Only parquet files that owned by the FileSet will be read and converted. The parquet files that materialized by FileSet have the name pattern “data_<query_id>_<some_sharding_order>.snappy.parquet”.

Returns:

A Snowpark dataframe that contains the data of this FileSet.

Note: The dataframe generated by this method might not have the same schema as the original one. Specifically,
  • NUMBER type with scale != 0 will become float.

  • Unsupported types (see comments of make()) will not have any guarantee.

    For example, an OBJECT column may be scanned back as a STRING column.

This function or method is in private preview since 0.2.0.

to_tf_dataset(*, batch_size: int, shuffle: bool = False, drop_last_batch: bool = True) Any

Transform the Snowflake data into a ready-to-use TensorFlow tf.data.Dataset.

Parameters:
  • batch_size – It specifies the size of each data batch which will be yield in the result datapipe

  • shuffle – It specifies whether the data will be shuffled.
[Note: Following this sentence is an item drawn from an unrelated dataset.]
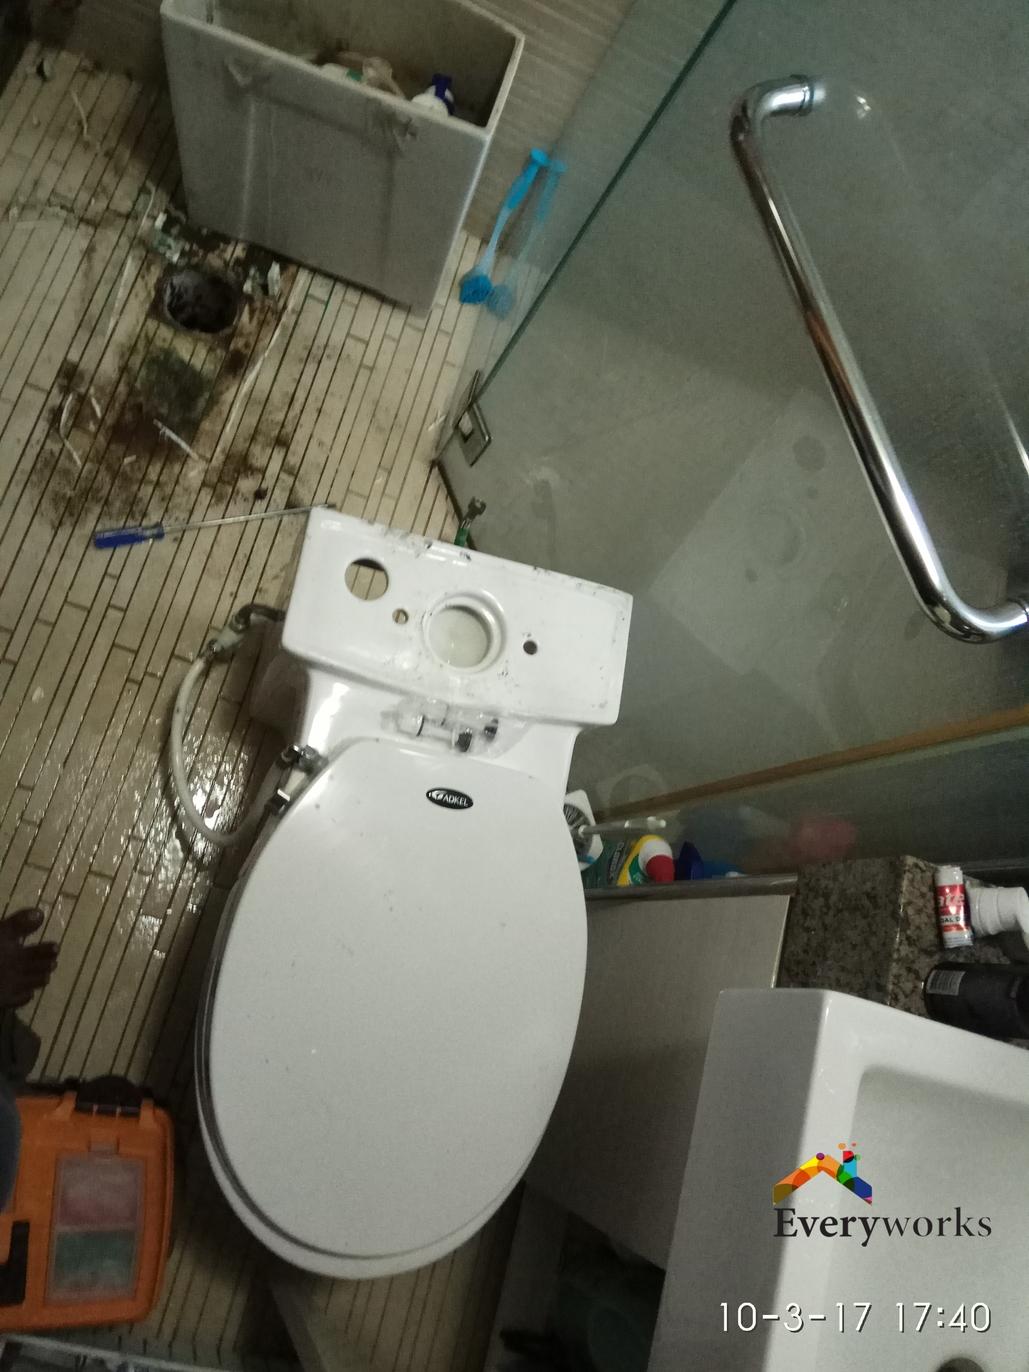 Clear-Toilet-Bowl-Choke-Drainage-Pipe-Choke-Plumber-Singapore-Landed-Sembawang-4_wm

If True, files will be shuffled, and rows in each file will also be shuffled.

  • drop_last_batch – Whether the last batch of data should be dropped. If set to be true, then the last batch will get dropped if its size is smaller than the given batch_size.

Returns:

A tf.data.Dataset that yields batched tf.Tensors.

Examples:

>>> conn = snowflake.connector.connect(**connection_parameters)
>>> fileset = FileSet.make(
>>>     sf_connection=conn, name="helloworld", target_stage_loc="@mydb.myschema.mystage"
>>>     query="SELECT * FROM Mytable"
>>> )
>>> dp = fileset.to_tf_dataset(batch_size=1)
>>> for data in dp:
>>>     print(data)
----
{'_COL_1': <tf.Tensor: shape=(1,), dtype=int64, numpy=[10]>}

This function or method is in private preview since 0.2.0.
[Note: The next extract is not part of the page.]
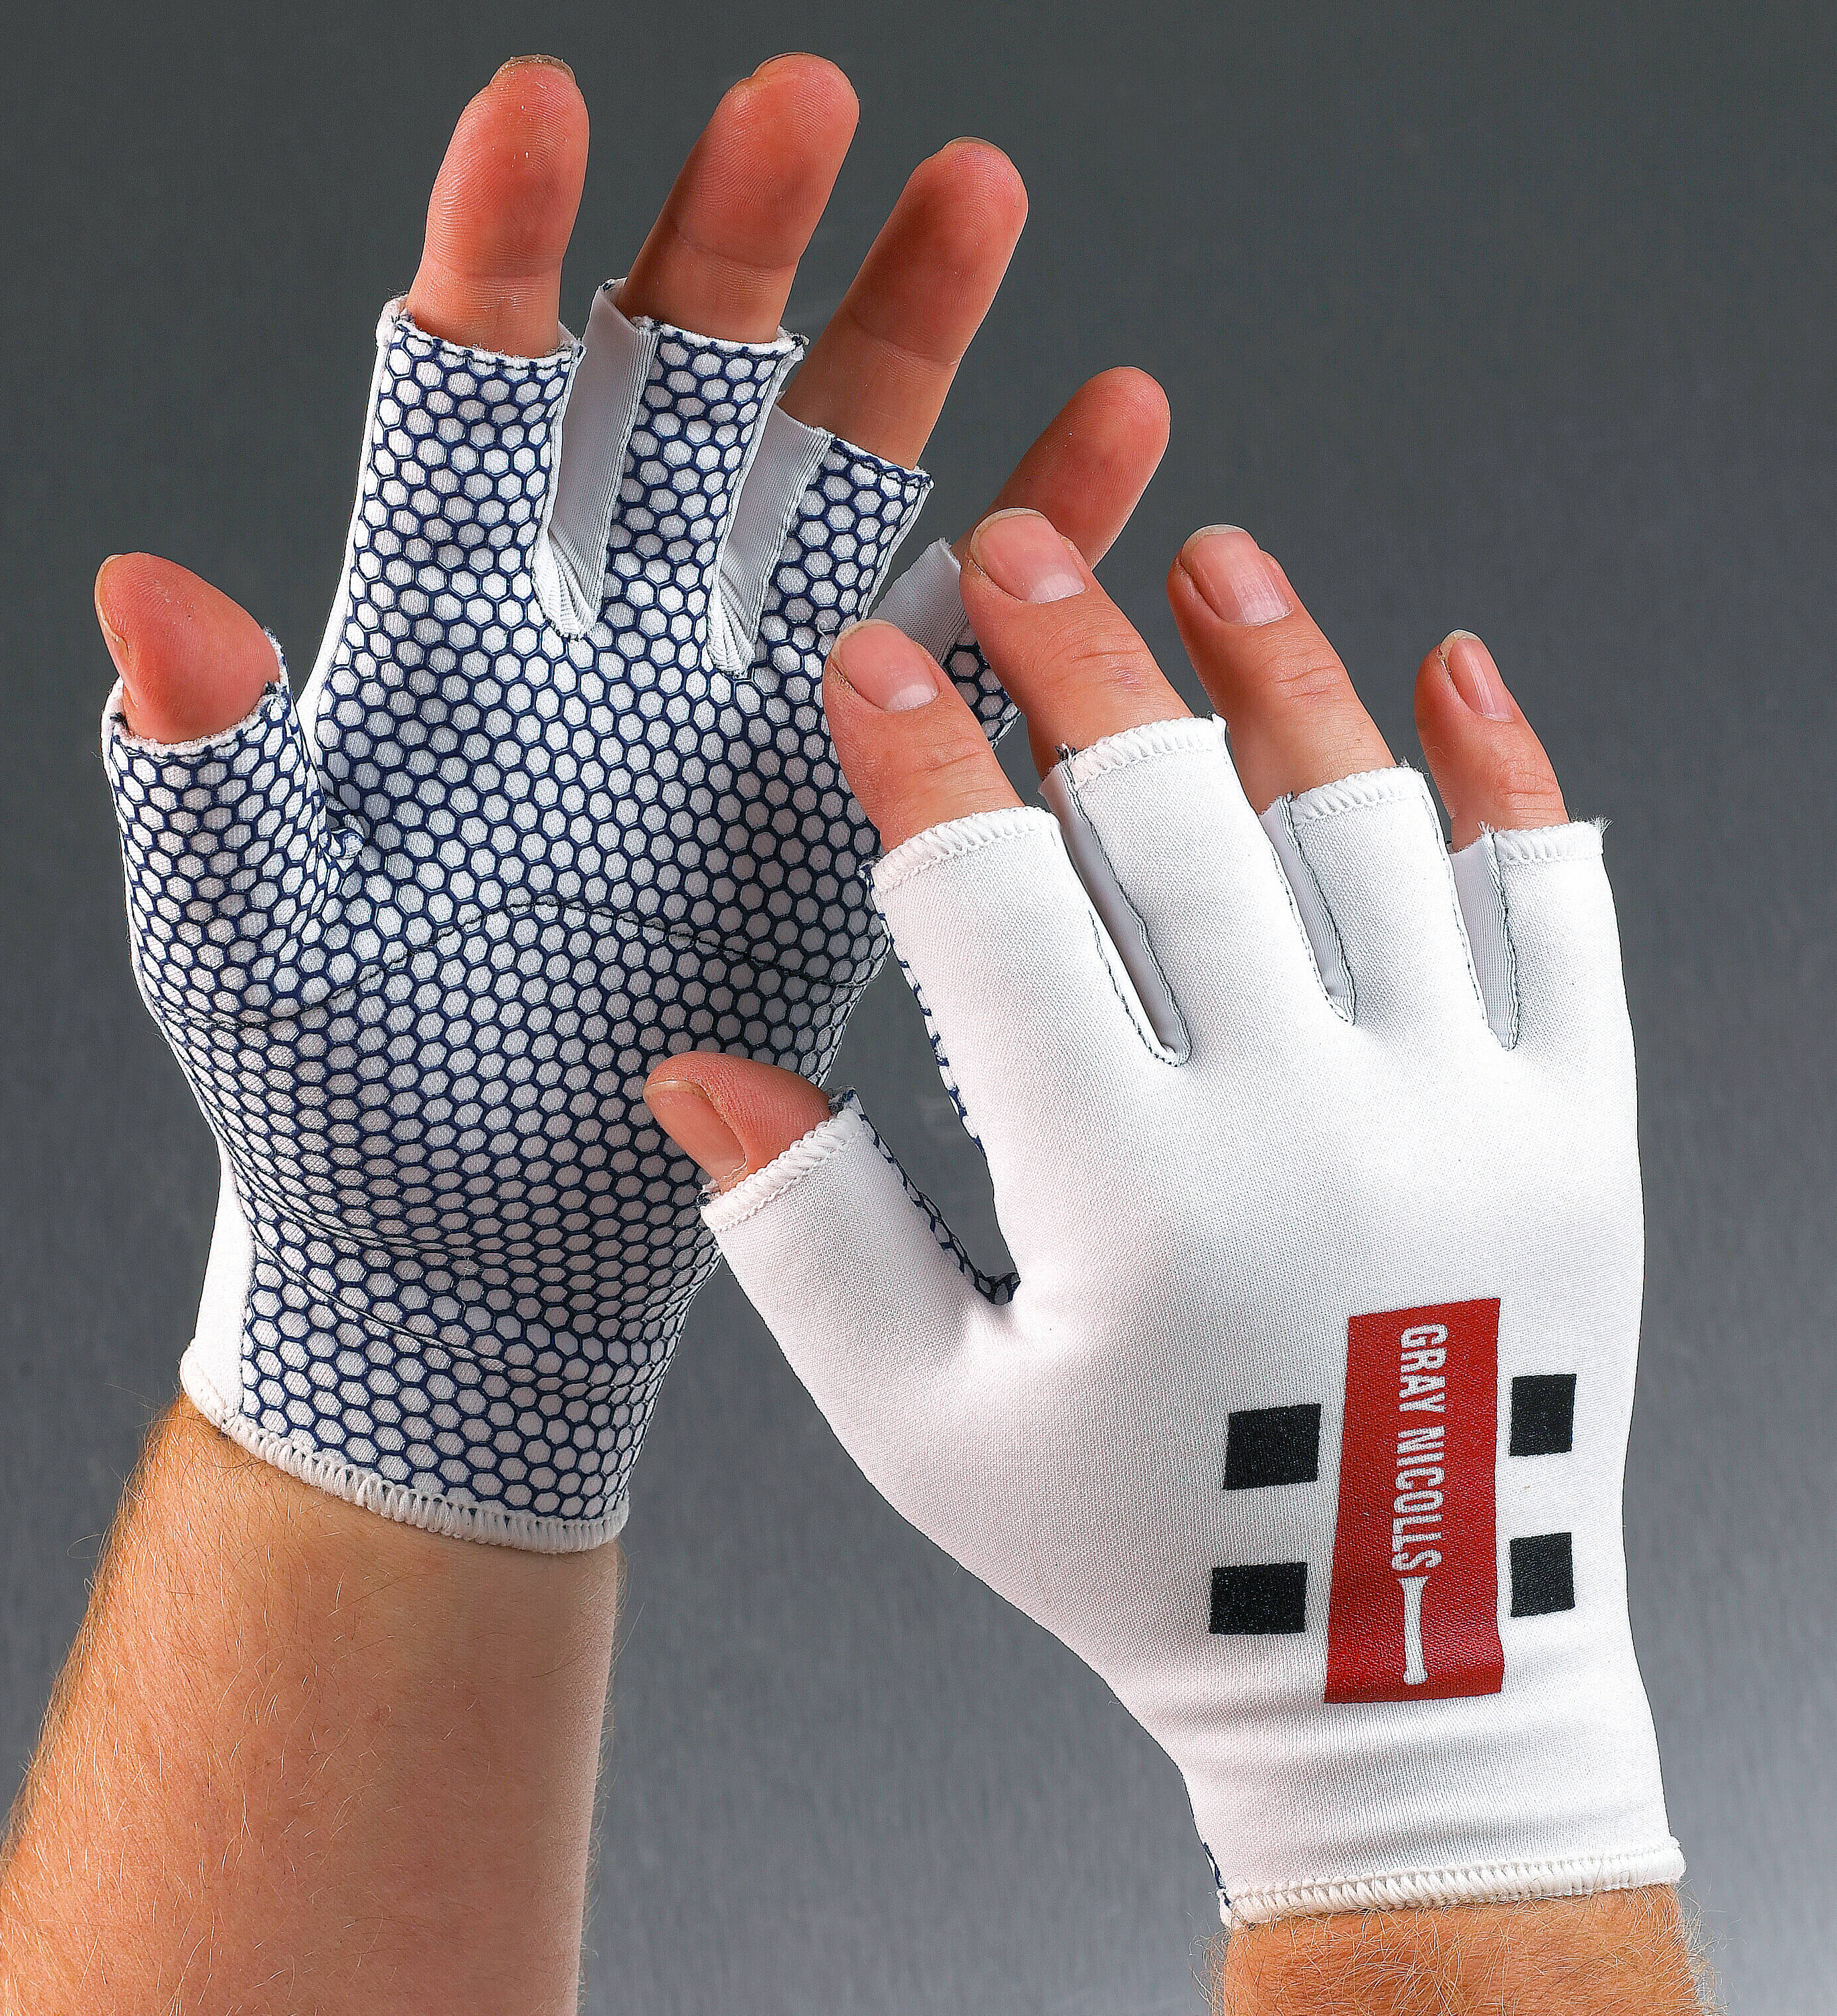 Kookaburra Cricket Fielding Practice Gloves

to_torch_datapipe(*, batch_size: int, shuffle: bool = False, drop_last_batch: bool = True) Any

Transform the Snowflake data into a ready-to-use Pytorch datapipe.

Return a Pytorch datapipe which iterates on rows of data.

Parameters:
  • batch_size – It specifies the size of each data batch which will be yield in the result datapipe

  • shuffle – It specifies whether the data will be shuffled. If True, files will be shuffled, and rows in each file will also be shuffled.
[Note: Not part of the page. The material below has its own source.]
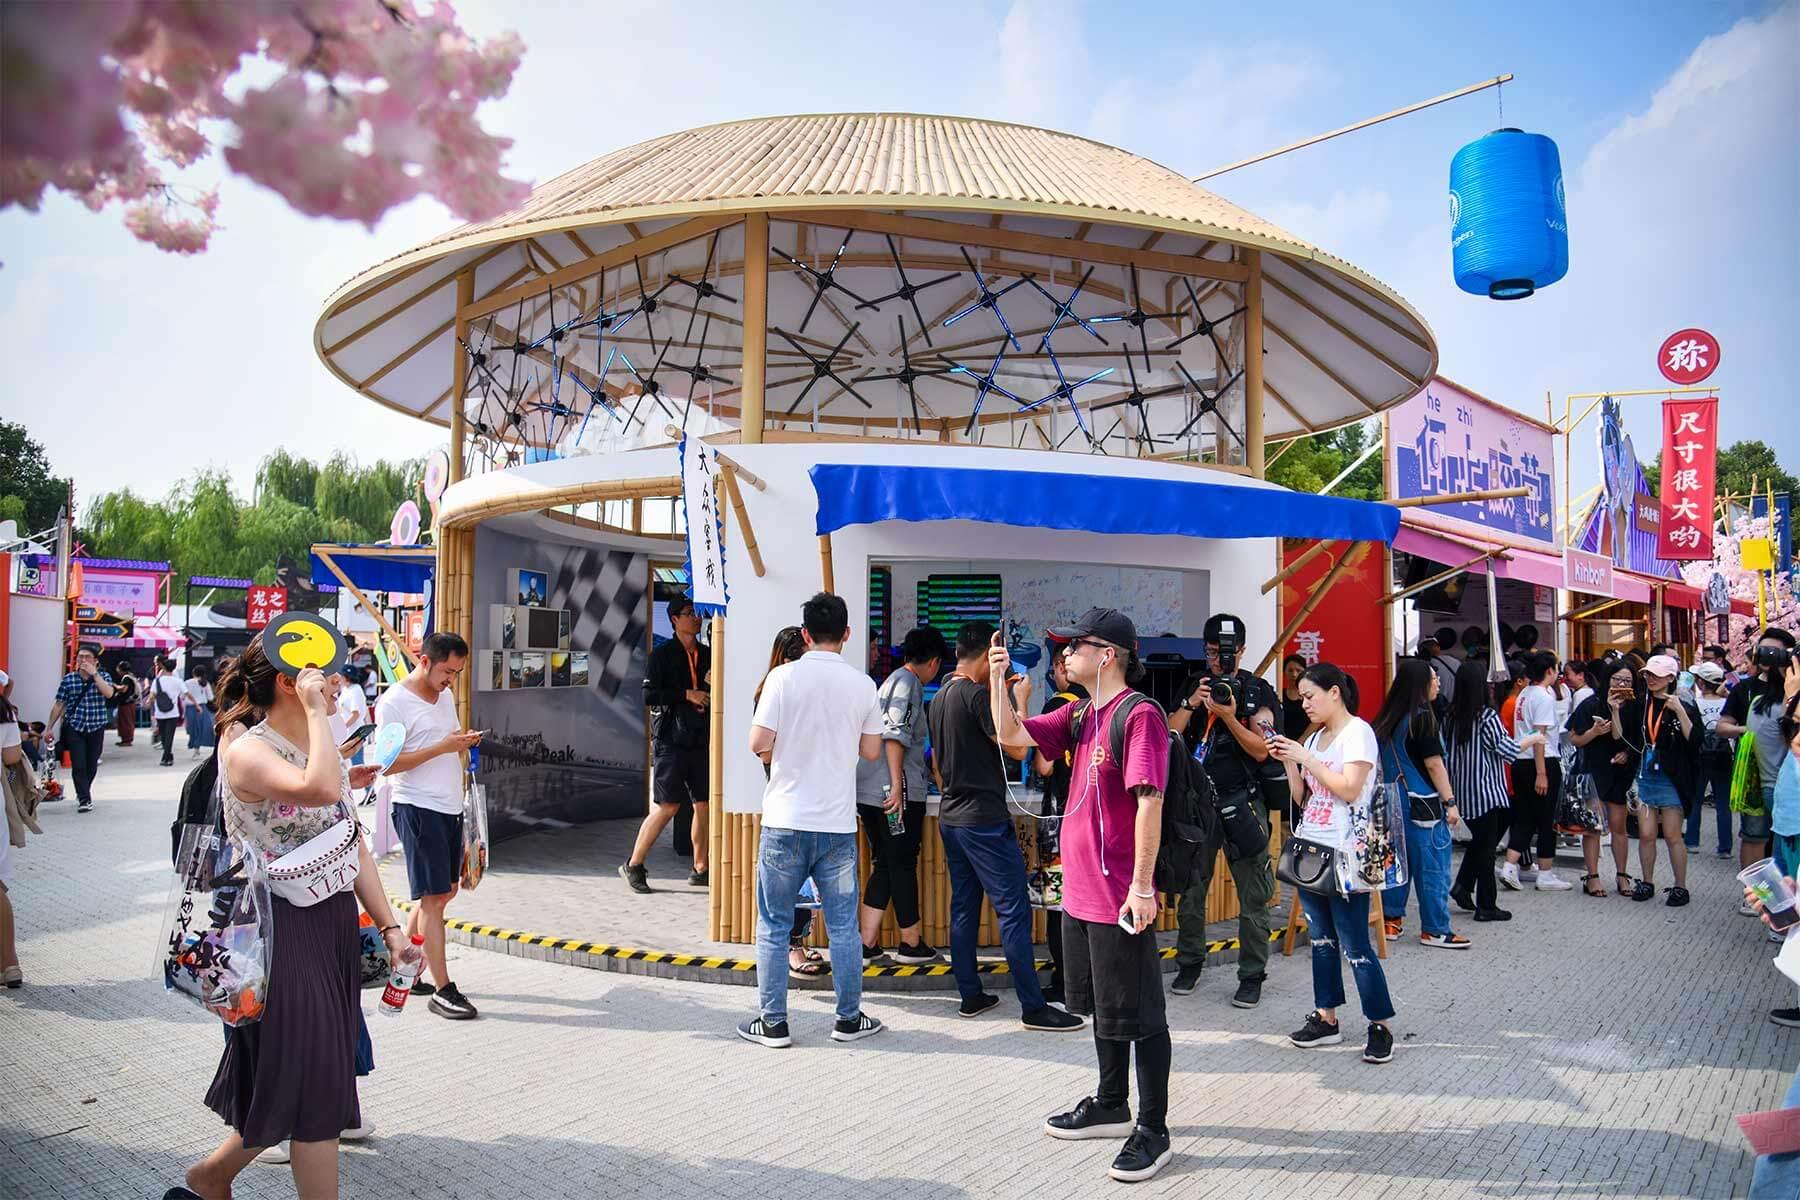 VOLKSWAGEN CHINA TAOBAO MAKER FESTIVAL

  • drop_last_batch – Whether the last batch of data should be dropped. If set to be true, then the last batch will get dropped if its size is smaller than the given batch_size.

Returns:

A Pytorch iterable datapipe that yield data.

Examples:

>>> conn = snowflake.connector.connect(**connection_parameters)
>>> fileset = FileSet.make(
>>>     sf_connection=conn, name="helloworld", target_stage_loc="@mydb.myschema.mystage"
>>>     query="SELECT * FROM Mytable"
>>> )
>>> dp = fileset.to_torch_datapipe(batch_size=1)
>>> for data in dp:
>>>     print(data)
----
{'_COL_1':[10]}

This function or method is in private preview since 0.2.0.

Attributes

name

Get the name of the FileSet.